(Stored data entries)
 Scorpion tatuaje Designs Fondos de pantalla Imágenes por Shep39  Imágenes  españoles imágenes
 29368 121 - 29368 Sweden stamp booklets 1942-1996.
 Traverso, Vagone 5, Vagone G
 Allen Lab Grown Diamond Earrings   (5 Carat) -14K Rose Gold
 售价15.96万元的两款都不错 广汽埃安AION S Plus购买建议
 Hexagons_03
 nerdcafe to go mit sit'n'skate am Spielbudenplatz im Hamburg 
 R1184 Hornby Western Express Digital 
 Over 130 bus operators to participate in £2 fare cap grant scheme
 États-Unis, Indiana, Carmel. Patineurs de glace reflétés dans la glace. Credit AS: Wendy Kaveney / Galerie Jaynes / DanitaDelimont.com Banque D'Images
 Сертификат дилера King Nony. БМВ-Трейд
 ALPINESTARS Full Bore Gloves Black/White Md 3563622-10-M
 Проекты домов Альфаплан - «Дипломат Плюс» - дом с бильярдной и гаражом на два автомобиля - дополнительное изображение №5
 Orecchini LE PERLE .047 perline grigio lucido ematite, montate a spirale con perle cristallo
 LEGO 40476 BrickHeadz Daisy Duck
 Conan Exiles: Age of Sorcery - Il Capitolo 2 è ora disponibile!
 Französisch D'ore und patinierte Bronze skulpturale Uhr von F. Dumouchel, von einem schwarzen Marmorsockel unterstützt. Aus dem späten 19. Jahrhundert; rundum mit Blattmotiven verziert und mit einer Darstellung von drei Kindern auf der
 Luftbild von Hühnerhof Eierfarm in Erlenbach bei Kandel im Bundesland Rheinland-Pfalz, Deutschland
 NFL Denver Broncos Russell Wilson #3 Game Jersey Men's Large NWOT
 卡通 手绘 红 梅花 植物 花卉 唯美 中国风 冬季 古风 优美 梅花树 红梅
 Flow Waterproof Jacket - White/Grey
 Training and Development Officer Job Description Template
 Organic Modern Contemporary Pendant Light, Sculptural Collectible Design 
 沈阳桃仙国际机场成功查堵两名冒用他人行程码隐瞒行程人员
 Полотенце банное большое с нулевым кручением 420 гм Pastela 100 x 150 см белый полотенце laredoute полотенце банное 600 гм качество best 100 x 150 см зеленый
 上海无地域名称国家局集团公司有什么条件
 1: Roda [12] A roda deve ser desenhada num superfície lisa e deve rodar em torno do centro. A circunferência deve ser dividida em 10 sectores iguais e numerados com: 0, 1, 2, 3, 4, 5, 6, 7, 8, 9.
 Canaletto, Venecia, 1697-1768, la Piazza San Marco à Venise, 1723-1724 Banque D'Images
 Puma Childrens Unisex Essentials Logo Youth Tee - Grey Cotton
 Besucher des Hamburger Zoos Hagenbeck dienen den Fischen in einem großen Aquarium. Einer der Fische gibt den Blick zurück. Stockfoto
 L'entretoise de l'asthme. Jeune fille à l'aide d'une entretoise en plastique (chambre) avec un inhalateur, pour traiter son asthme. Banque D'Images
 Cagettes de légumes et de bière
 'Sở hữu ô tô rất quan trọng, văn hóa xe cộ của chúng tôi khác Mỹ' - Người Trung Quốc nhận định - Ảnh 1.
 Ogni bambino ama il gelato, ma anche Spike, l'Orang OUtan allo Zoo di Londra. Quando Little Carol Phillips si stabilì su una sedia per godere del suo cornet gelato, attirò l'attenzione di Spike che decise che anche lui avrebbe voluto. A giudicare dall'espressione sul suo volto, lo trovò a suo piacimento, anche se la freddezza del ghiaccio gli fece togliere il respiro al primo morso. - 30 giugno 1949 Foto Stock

### Problem requirements
Here the output must be the lines above from the line with "Besucher des Hamburger" to the line with "định - Ảnh 1.", both included, duplicated word for word and nothing else.

### Result below
 Besucher des Hamburger Zoos Hagenbeck dienen den Fischen in einem großen Aquarium. Einer der Fische gibt den Blick zurück. Stockfoto
 L'entretoise de l'asthme. Jeune fille à l'aide d'une entretoise en plastique (chambre) avec un inhalateur, pour traiter son asthme. Banque D'Images
 Cagettes de légumes et de bière
 'Sở hữu ô tô rất quan trọng, văn hóa xe cộ của chúng tôi khác Mỹ' - Người Trung Quốc nhận định - Ảnh 1.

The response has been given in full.